I’ve just enjoyed reading the deconstruction of Medtronic’s Symplicity situation, as described by healthcare marketing consultant, S2N Health. You can find the piece here, and interesting it certainly is. What author Amy Siegel points out is that Medtronic’s acquisition of Ardian technologies, for a now-unlikely-sounding $800M, was predicated on the successful CE marking of its Symplicity renal denervation (RDN…Ardian…geddit?) catheter .
Now, obviously it’s not “that” simple, but in some ways you can see how this stuff happens. Amy details Ardian’s original $65 million equity being invested in gaining the CE mark, an exercise that was no doubt dominated by various clinical studies, culminating in Symplicity HTN-2 which included 52 patients in the active treatment arm. Since CE marking and Australian TGA approval and nods from countries that accept either of the above, some 5000 patients have been treated with a therapeutic approach that one randomised sham controlled study now suggests confers comparatively little meaningful benefit…or at least not enough to meet its study endpoint of what is believed to be roughly a greater than ten point reduction in blood pressure in folk with a seriously high starting point.
So, backing up, we have Medtronic shelling out $800 million for a company that has a CE mark and some non-randomised studies. And they weren’t alone. The queue to buy technologies that had a nicely protected bit of intellectual property about them was populated by all the main players. It’s been a feeding frenzy of emperor’s new clothes proportion, and now the dam is leaking and some of these big players are seeking to hold back the waters with claims that one study of one technology shouldn’t be seen as representative of a failure of the entire therapy just yet. One of the big boys, Covidien, has jumped ship early with the announcement that it is pulling its OneShot program. While the company isn’t pointing directly at HTN-3, that’s almost certainly helped make its mind up.

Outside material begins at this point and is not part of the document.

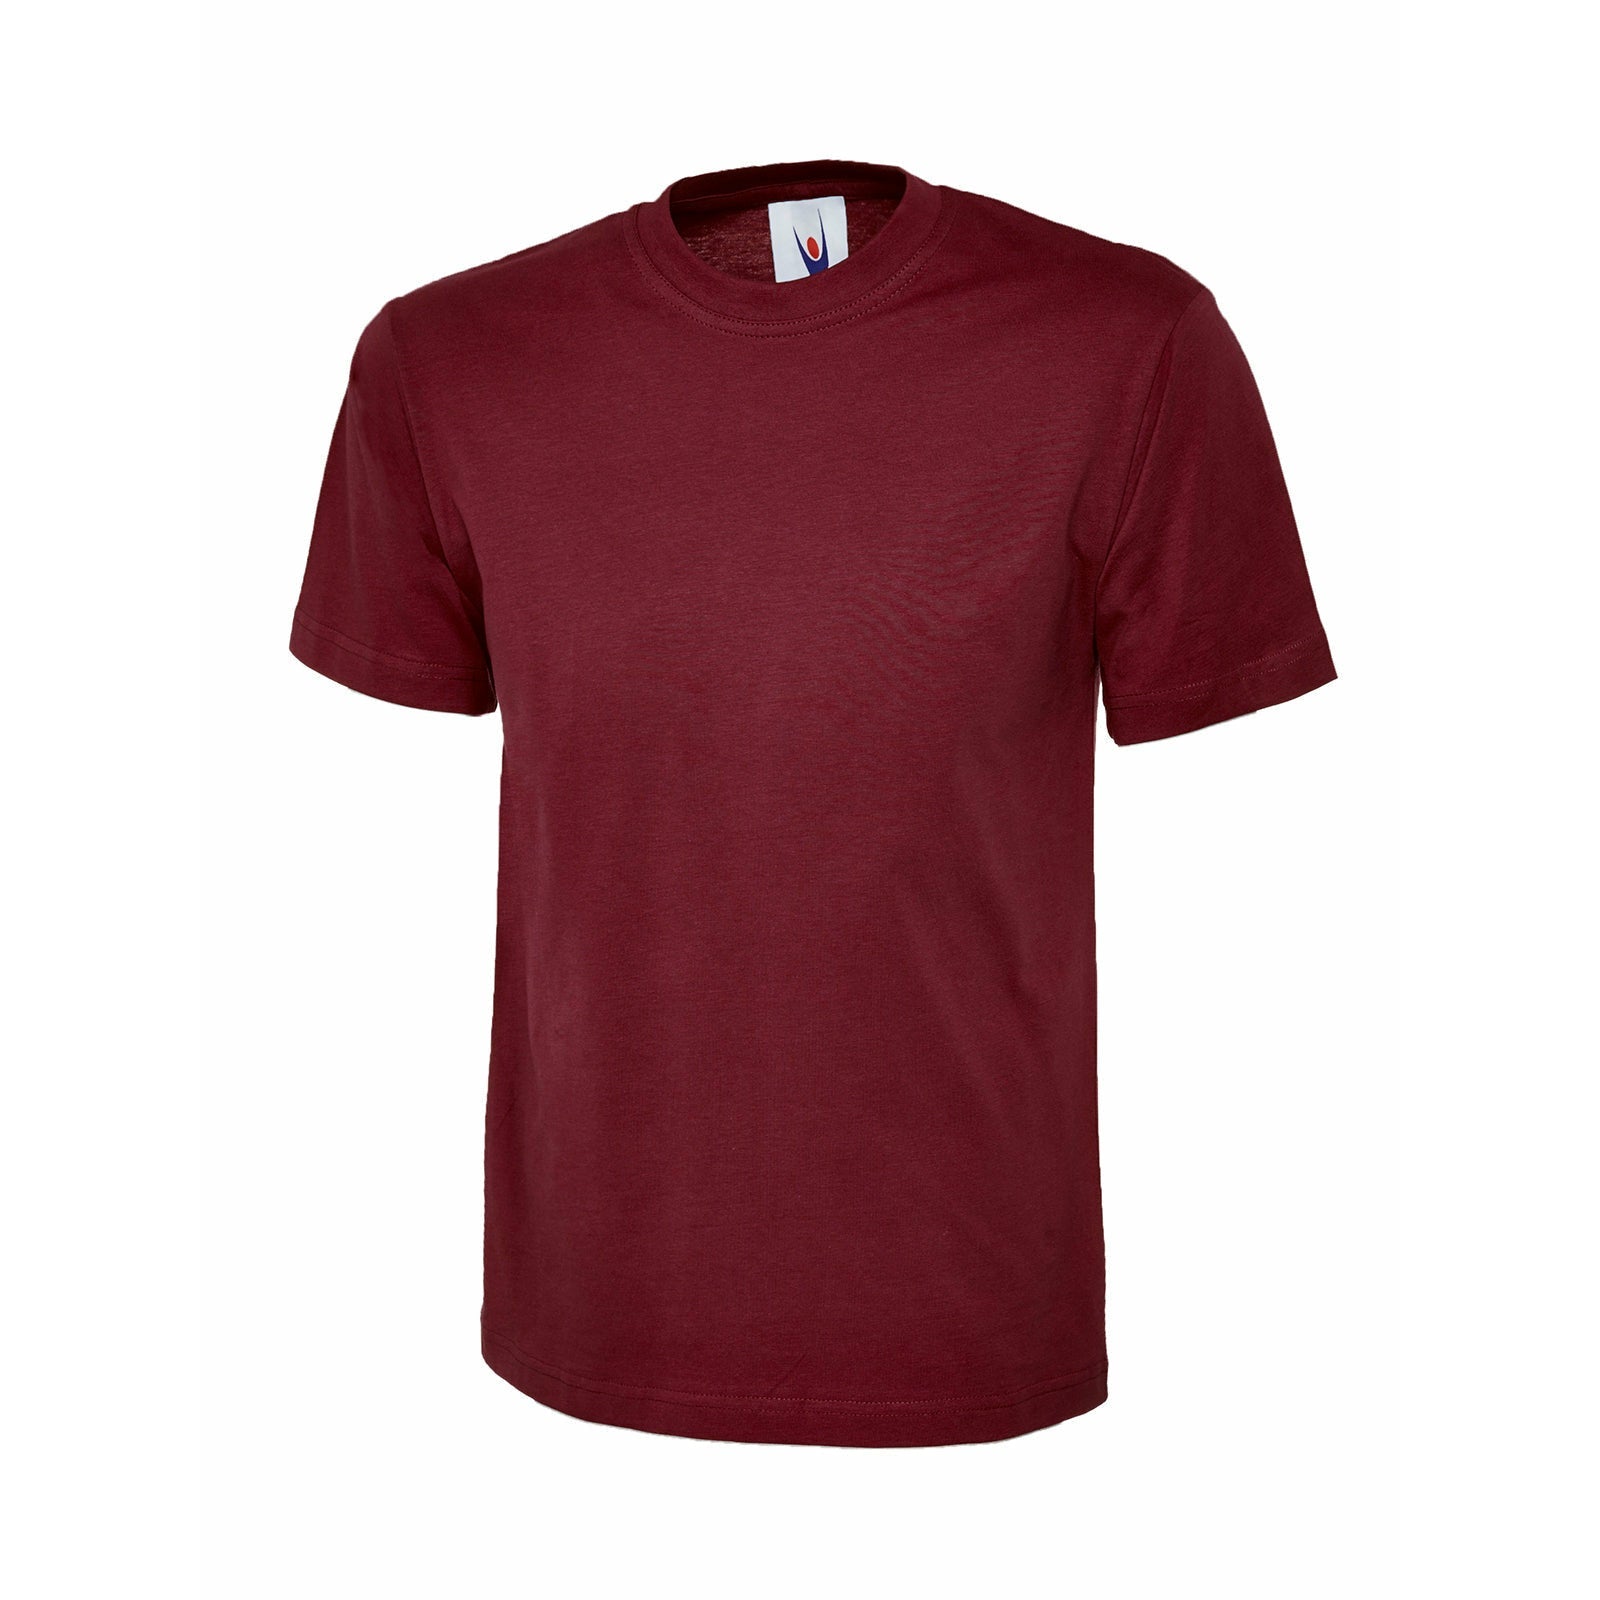 Personalised Custom T-Shirt - Maroon

Interestingly it’s not the therapy itself that’s getting the old spotlight treatment, it’s just the bp reducing bit. Renal denervation was never originally thought of as a bp-reducing treatment per se. It was, and still is, understood to have as its main effect, a reduction in heart rate. As a treatment for heart failure and atrial fibrillation, it’s still got legs. In fact, until we see the data, it might have legs in bp reduction too…just not the miracle cure it was promising.

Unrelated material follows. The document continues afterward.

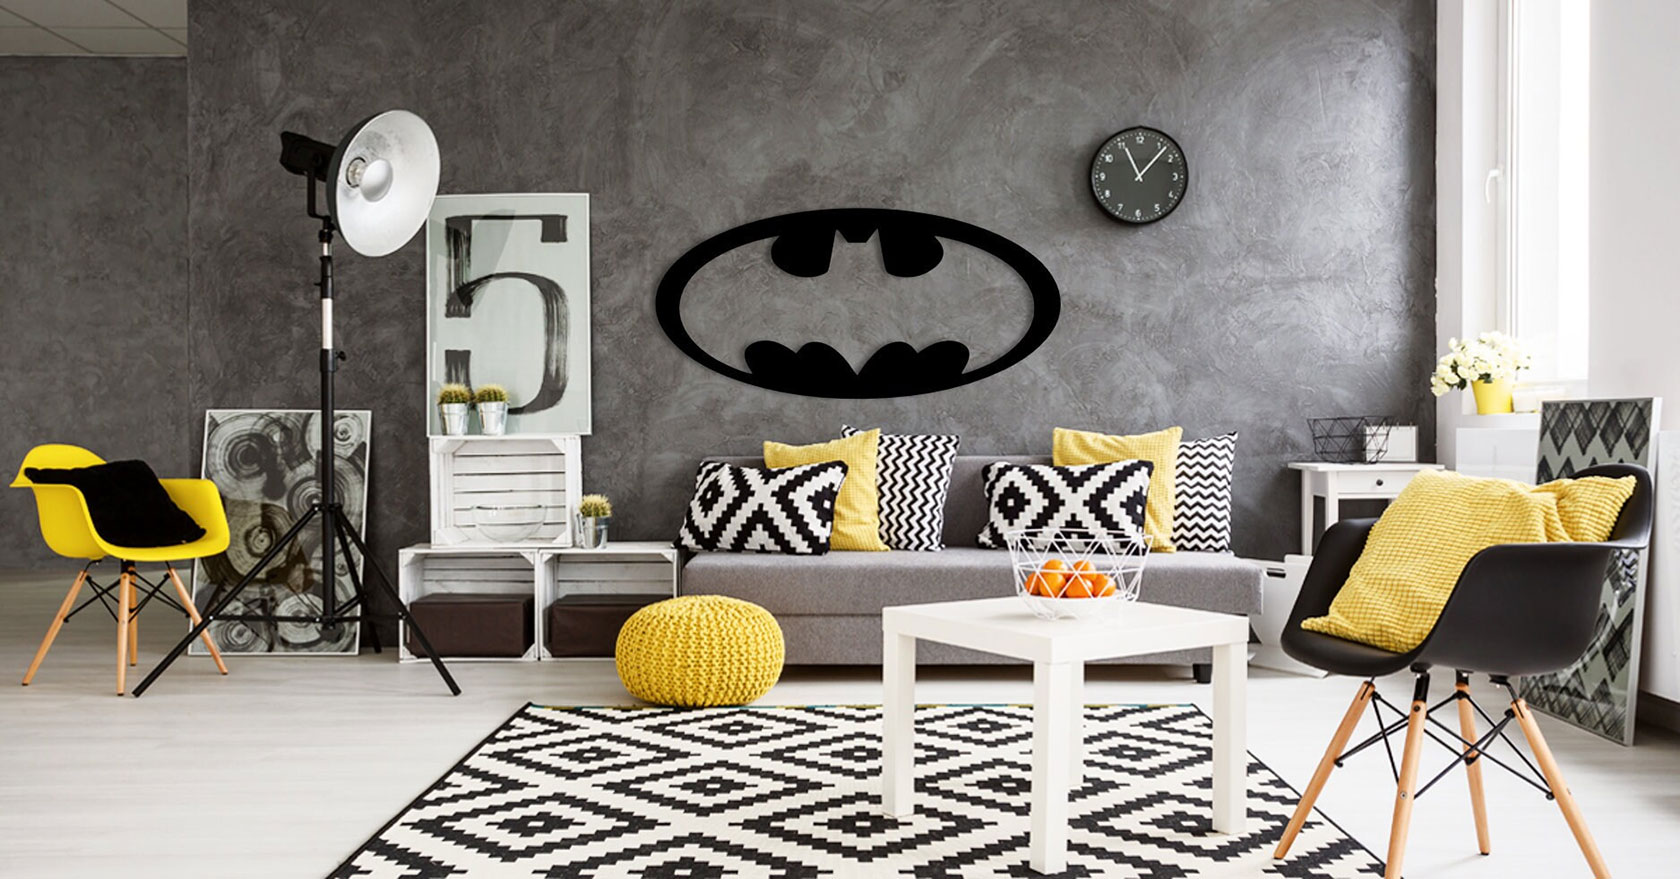 Batman Inspired Room Decor

What lessons should be learned here then? Well, the first one is to never trust the data unless it’s worthy of trust. Much of the renal denervation bp data profferred thus far has come from non-randomised, unblinded, no-sham studies. In fact, all of it I think. We’ve picked up on observations of a few clinician groups’ critiques of this way of going about things. A combination of placebo effect and the vulnerability of those recording single-point, office based bp readings to record what they expect to see, rather than what they truly see, is very likely to have had a massive influence on early outcomes. That’s not a slight on the humans involved by the way…just an acknowledgement of the fact that they are human.
The other lesson, by the way, is a regulatory one. If the HTN-3 study is ultimately upheld as one big nail in renal denervation’s coffin as a bp reduction therapy, it could turn out to be a damning indictment of the current CE marking process. 5000 patients could have undergone treatment costing millions of currency units, all for no significant impact on the thing they went in for. Yes it’s safe, but if it’s not effective what’s the point?
Meanwhile, the FDA, with its wait-and- see approach that has seen no device reach the US market yet, will be smugly pointing to its demand for efficacy rather than just safety. And the thing is, that’s a fair point.
The other thing is…how many other medical devices have reached the EU market based on safety data that has satisfied the demands of the Medical Devices Directive, but with no efficacy data? Or, like Symplicity and other renal denervation systems, data that is far too light on which to base wholesale changes in therapy?
Now let’s see if Medtronic, no doubt licking its wounds, will turn to the other effects of renal denervation for solace. The trouble is, that would all look a bit transparent. After all, to date the effect of zapping the nerves around the renal arteries on the heart have been strangely ignored in the quest to exploit the bp opportunity and the intellectual property that came with the Ardian acquisition. The intrigue continues.